* Required action: The reply should repeat all of the data word for word, with no pictures.

* Source data:
------------------------

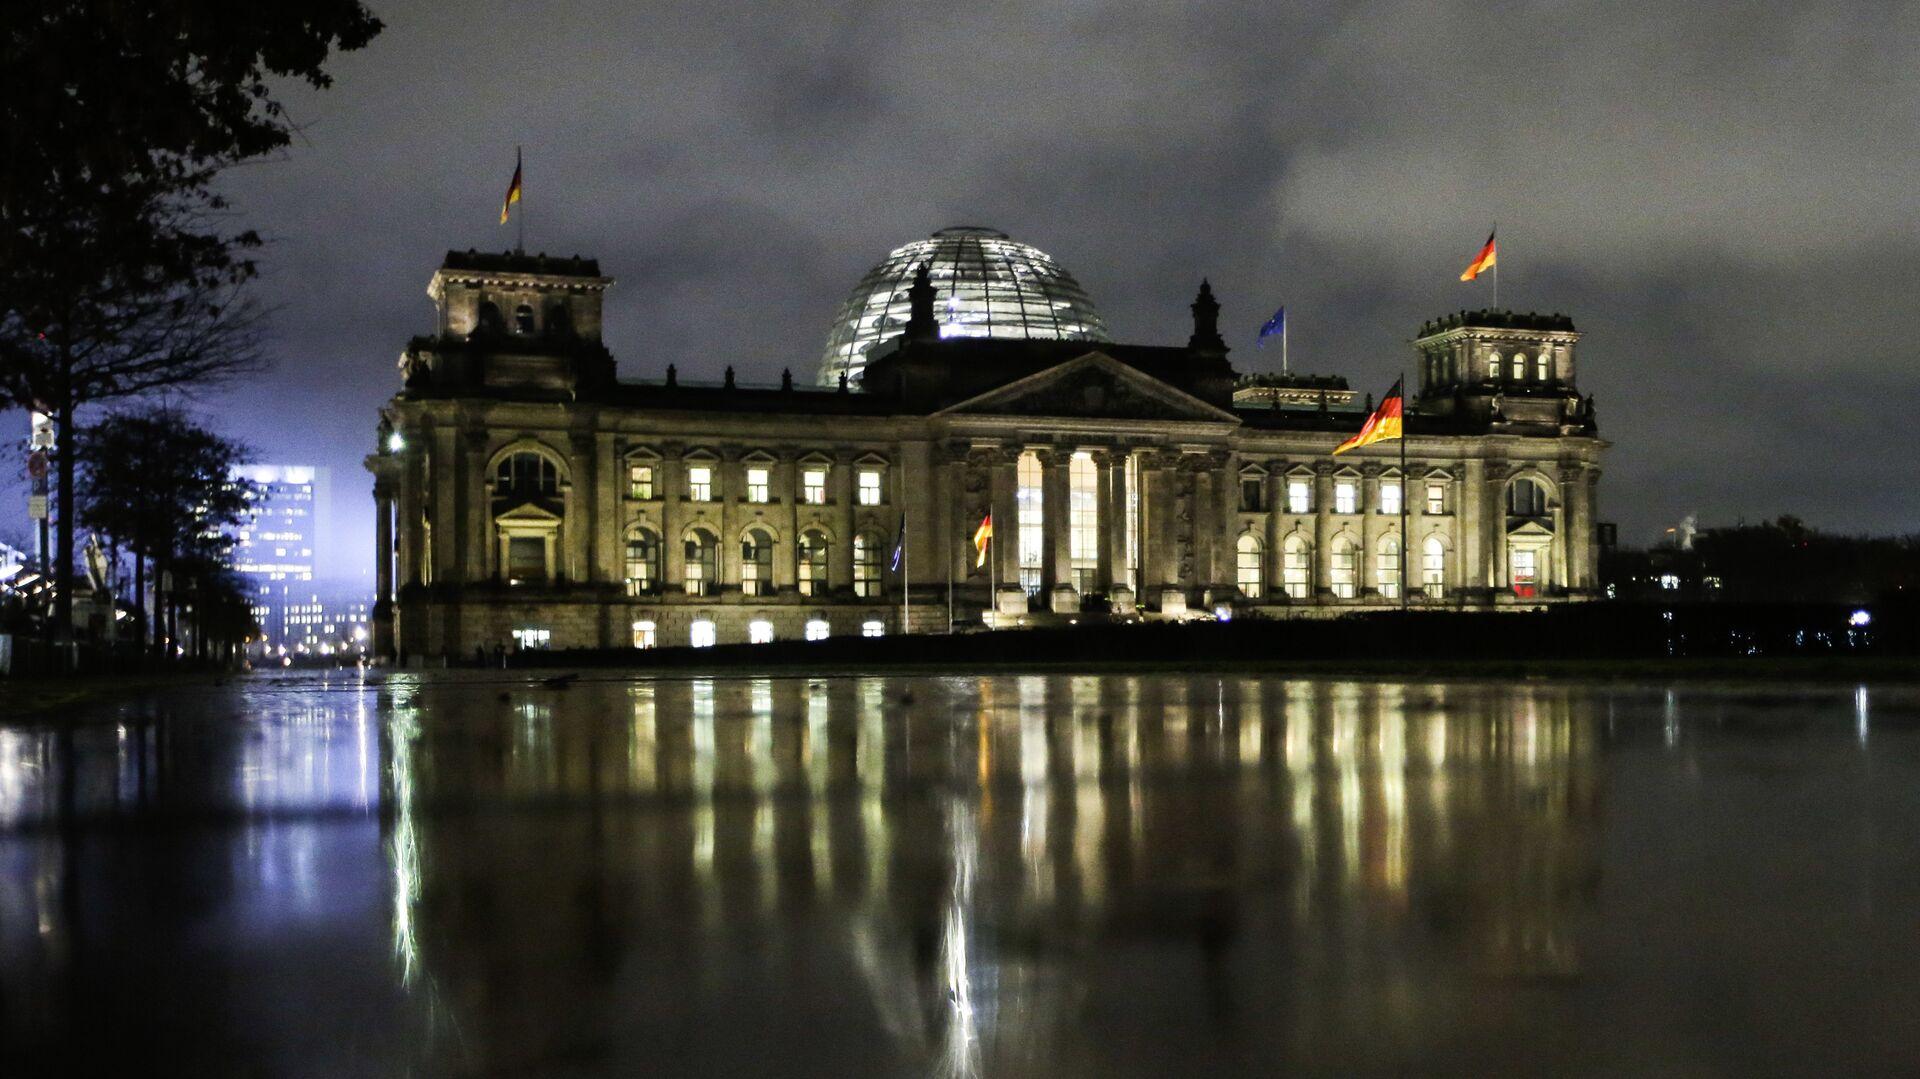 Здание немецкого парламента Бундестага - РИА Новости, 1920, 08.09.2020
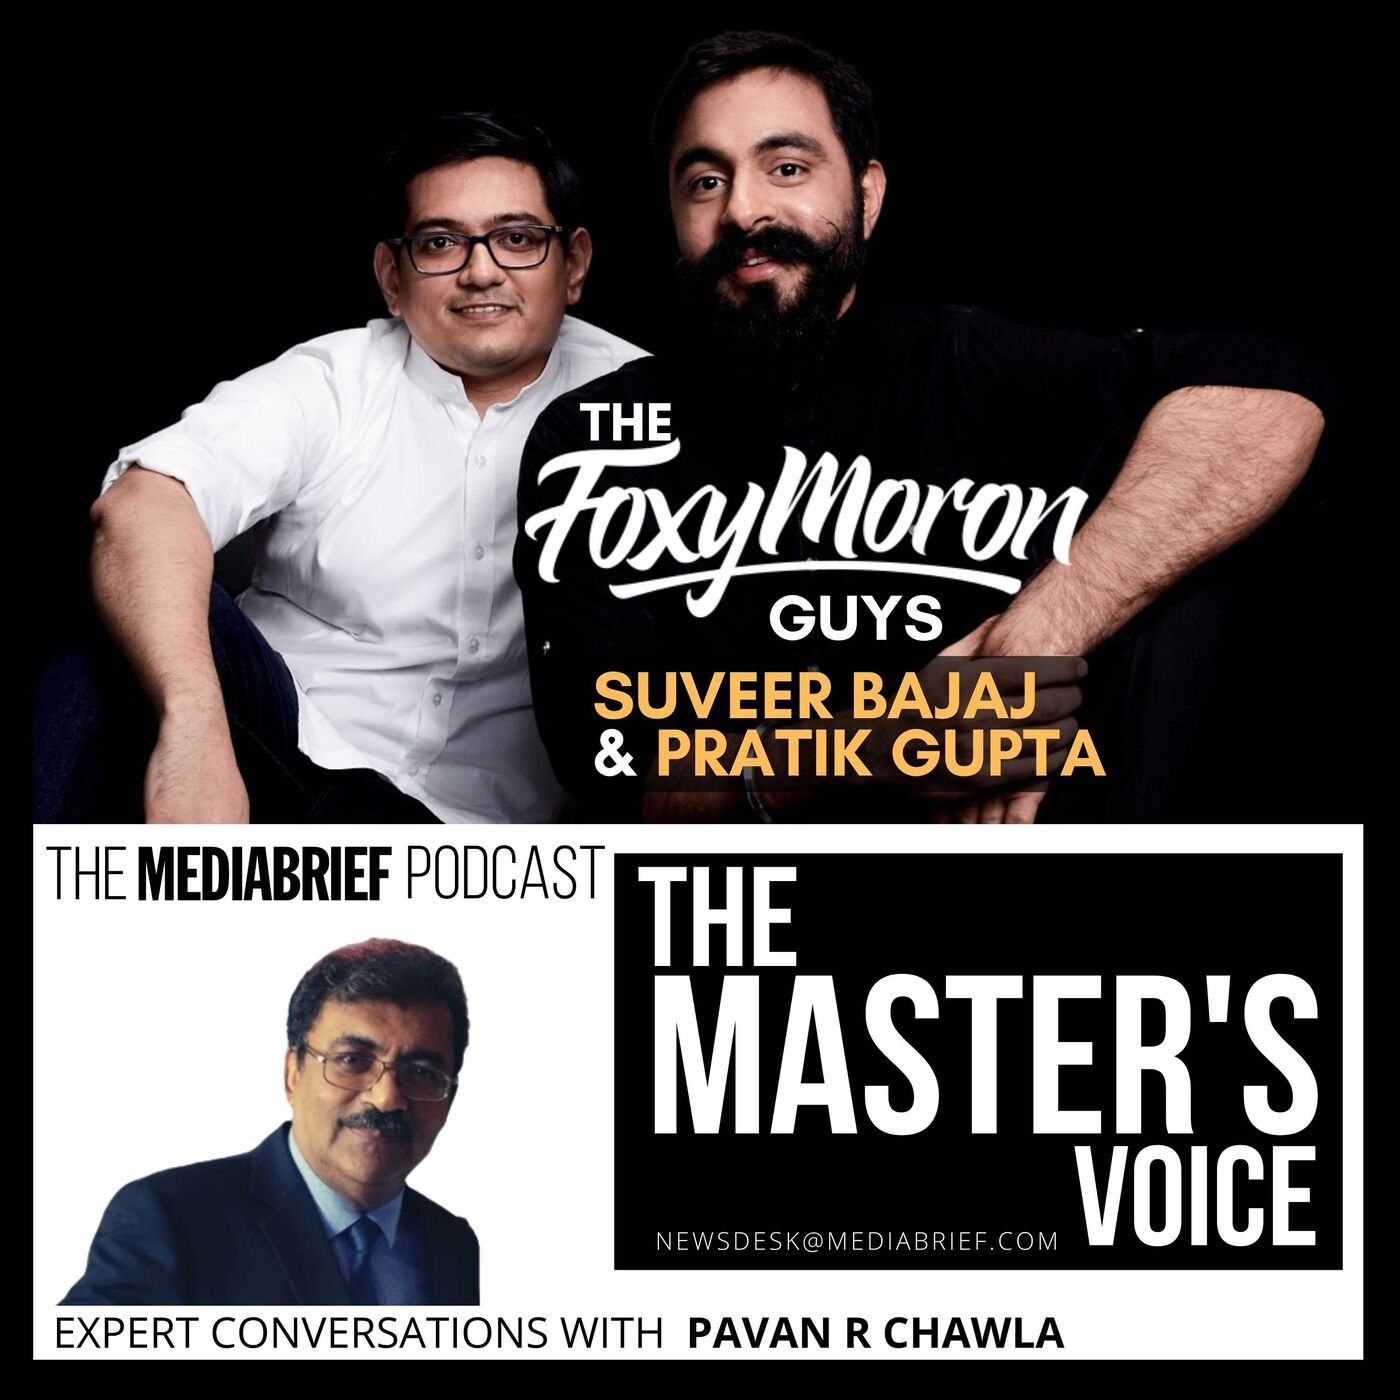 EXCLUSIVE: Suveer Bajaj and Pratik Gupta of Foxymoron, on The Master's Voice
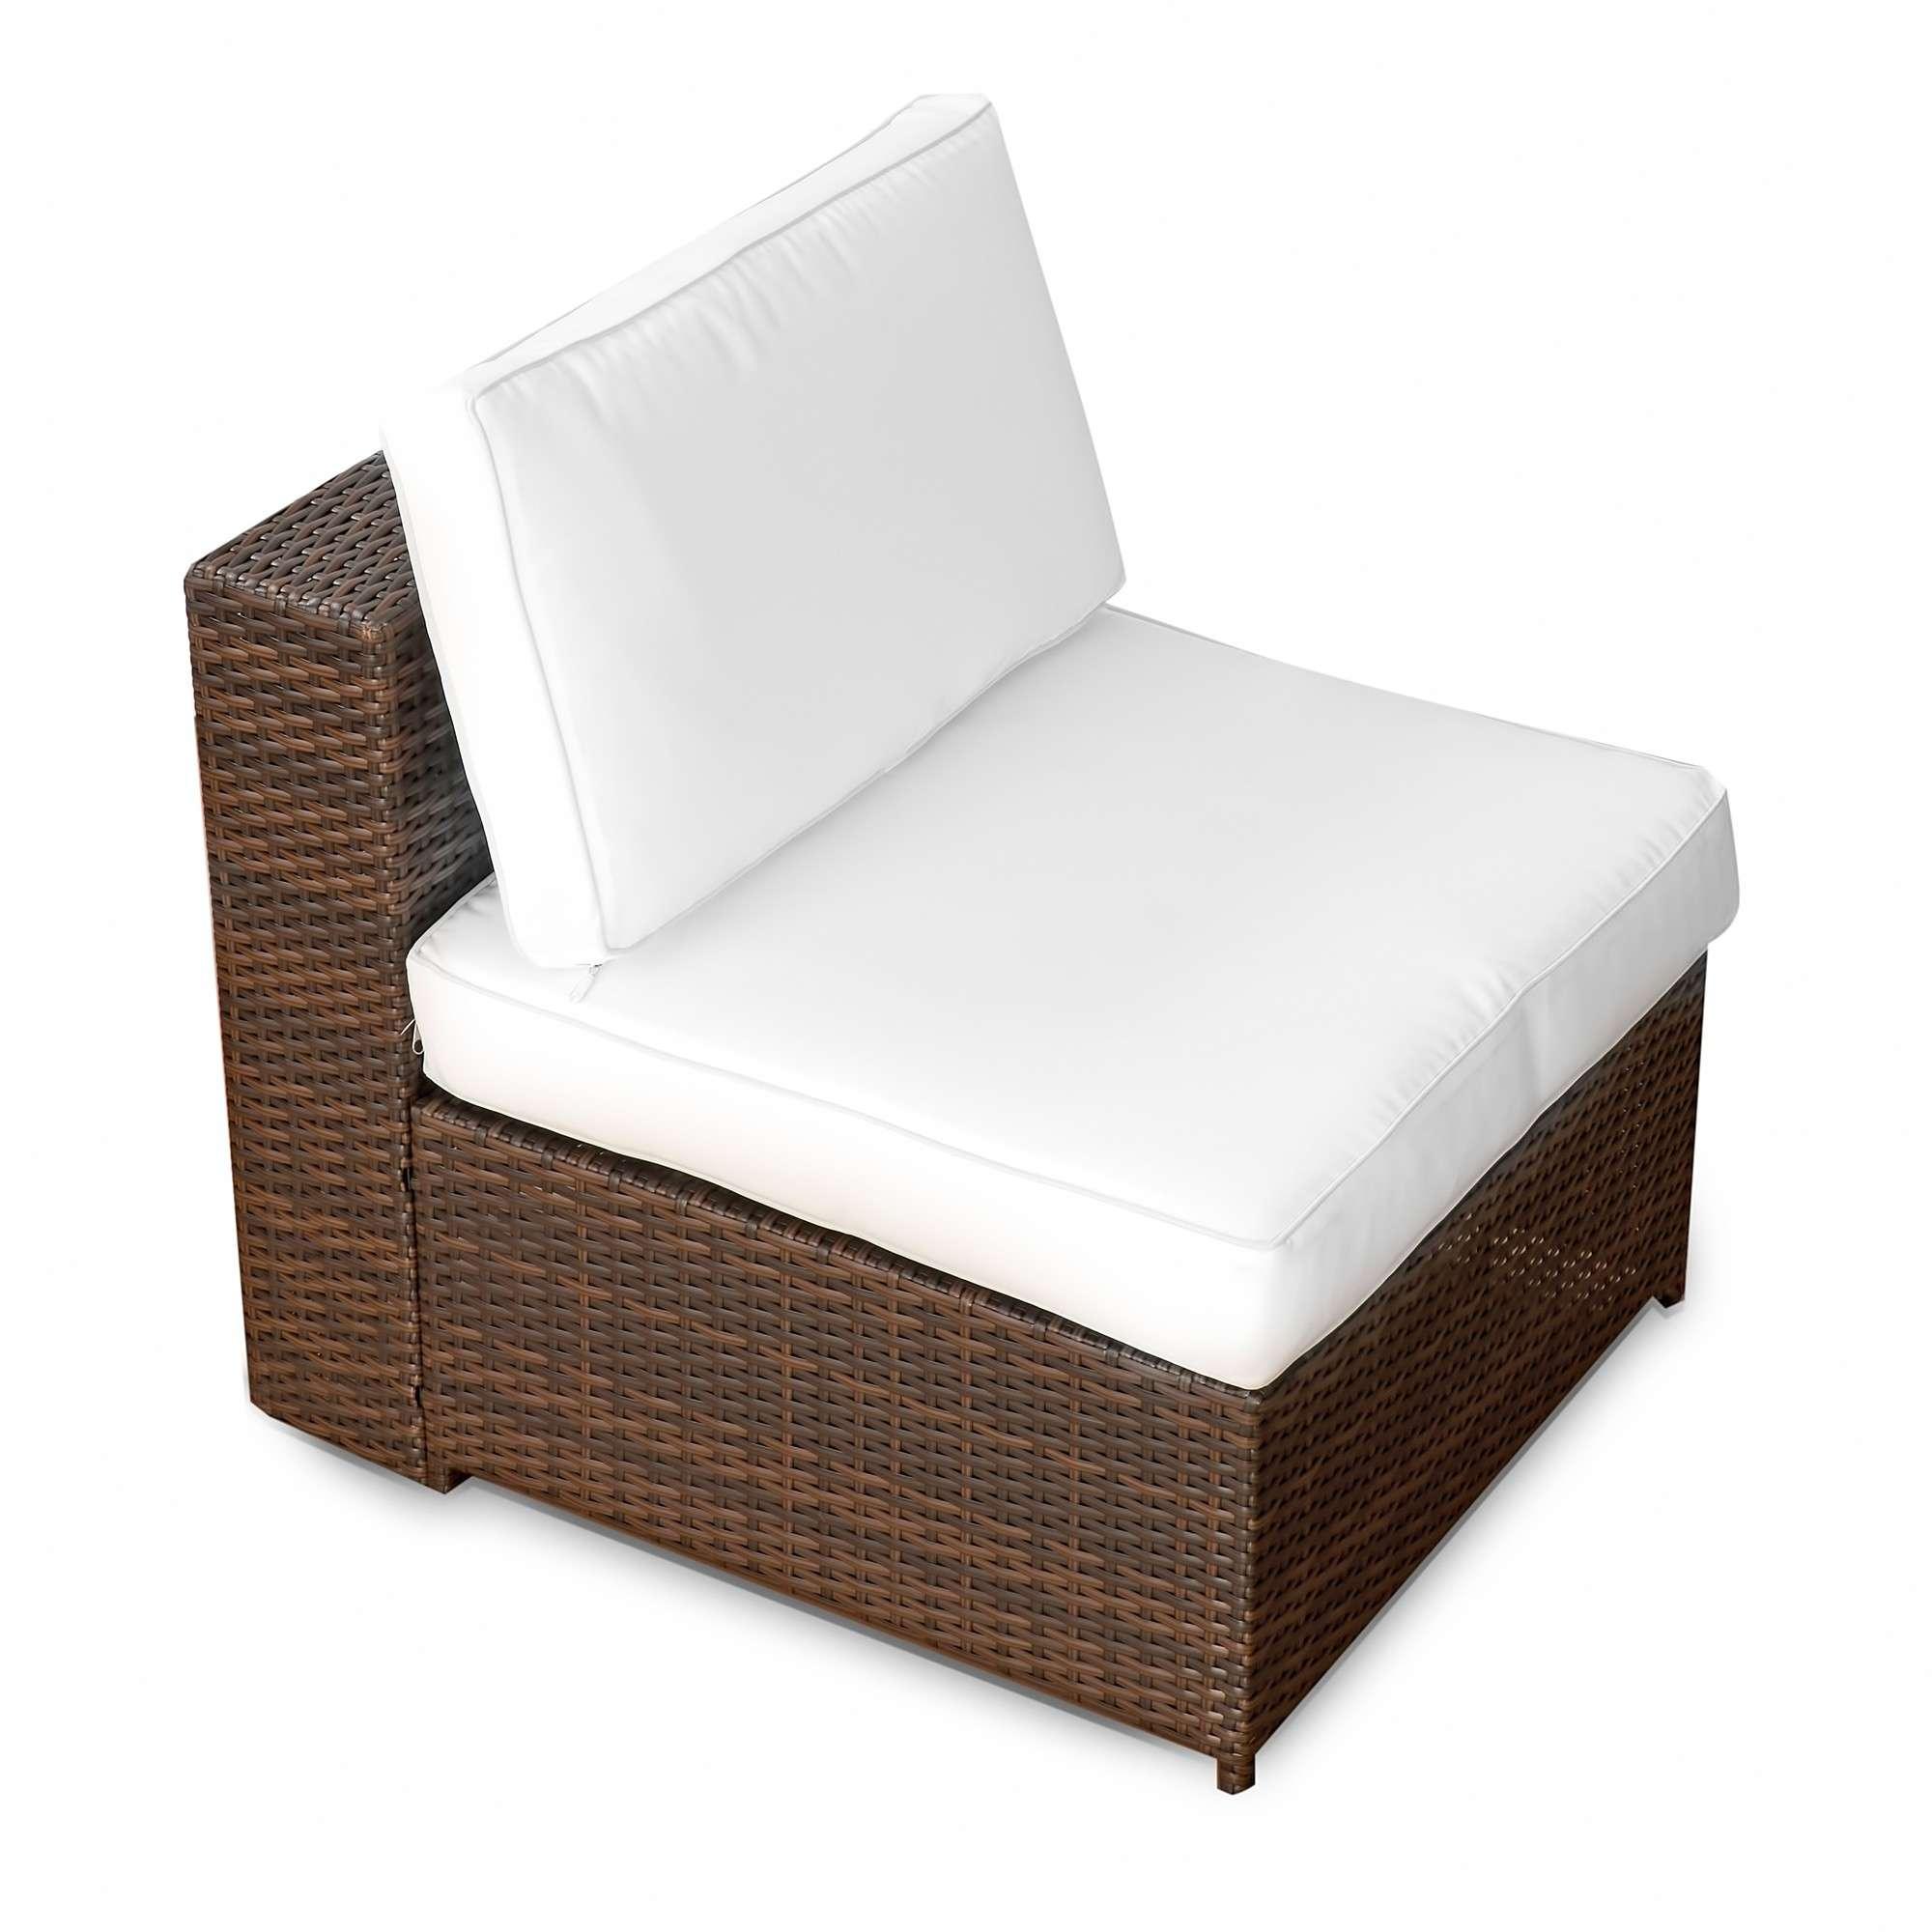 Lounge sessel garten  Lounge Sessel Garten ▻ günstig ◅ Garten Lounge Sessel kaufen

------------------------

* Reply:
 Здание немецкого парламента Бундестага - РИА Новости, 1920, 08.09.2020
 EXCLUSIVE: Suveer Bajaj and Pratik Gupta of Foxymoron, on The Master's Voice
 Lounge sessel garten  Lounge Sessel Garten ▻ günstig ◅ Garten Lounge Sessel kaufen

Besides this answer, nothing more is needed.